Last May we had a discussion on the message board regarding the installation of an electric powered windlass on my Cal 31 and other like vessels. We ended up sailing the Cal 31, in question, from Bellingham WA to Seward Alaska in early July, using the son-in-law as the windlass. This was a great voyage, however the son-in-law has returned home, and now it is my wife and I who serve as the windlass. Our main anchor is a Bruce with 50'' of chain. We often anchor in 60 to 90 feet of water so this is quite a bit of work. I have thought about reducing the chain to 25''.

Attention Jeff.
Jeff, you noted at the time that you were considering a manual windlass on your 38 footer. This is the way we have decided that we want to go. Reasons: No battery power concerns. Reliable. Yes slow, but we are seldom in a hurry to get off an anchorage.
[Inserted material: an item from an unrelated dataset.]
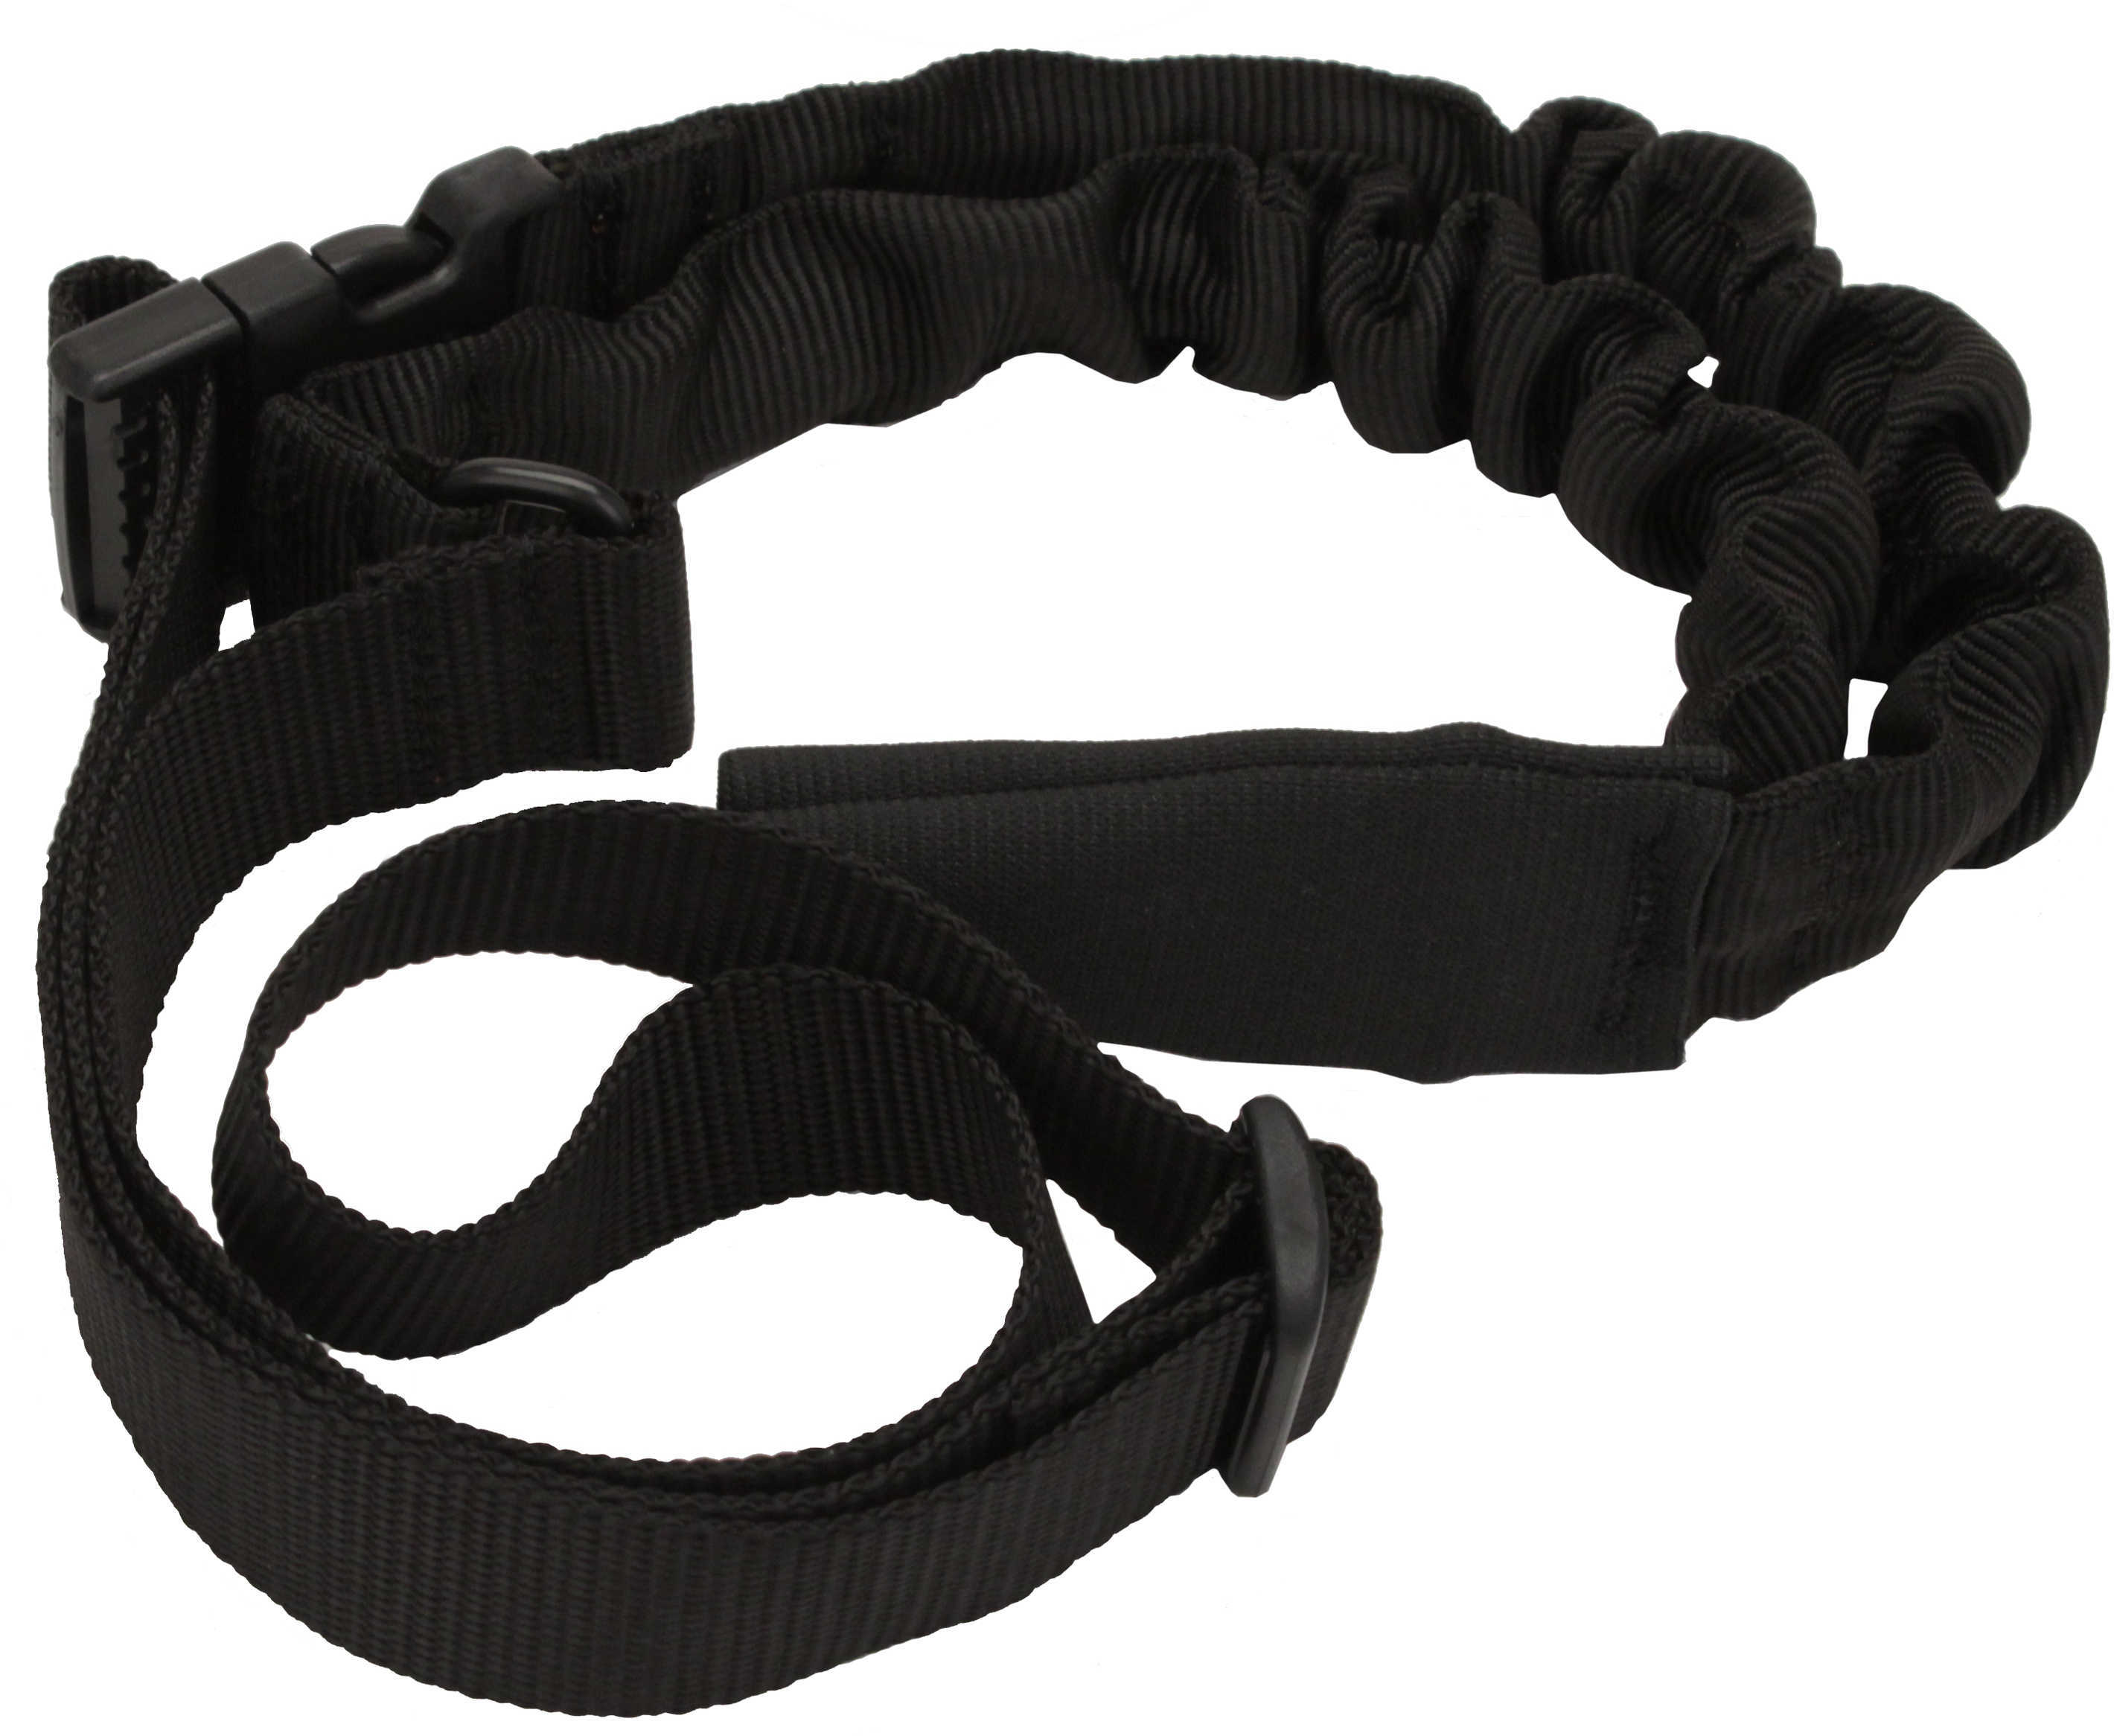 Ergo Single Point Bungee Sling with Mash Hook Md: 4974

In a blow, I would bet that we could give the electric some serious competition. Anyway, can mount on deck above forepeak without impinging on quarters below. Let me say it again. Reliable, not dependant on battery.

The one we are looking at is the Simpson Lawrence Manual Anchorman 1000g Windlass w/ gypsy for boats to 40 feet. The price today is only 529.00 without accessories. I hear that Simpson Lawrence was bought out by Lewmar. Hope this does not confuse things.

We intend to mount the windlass on deck rather than in the chain locker.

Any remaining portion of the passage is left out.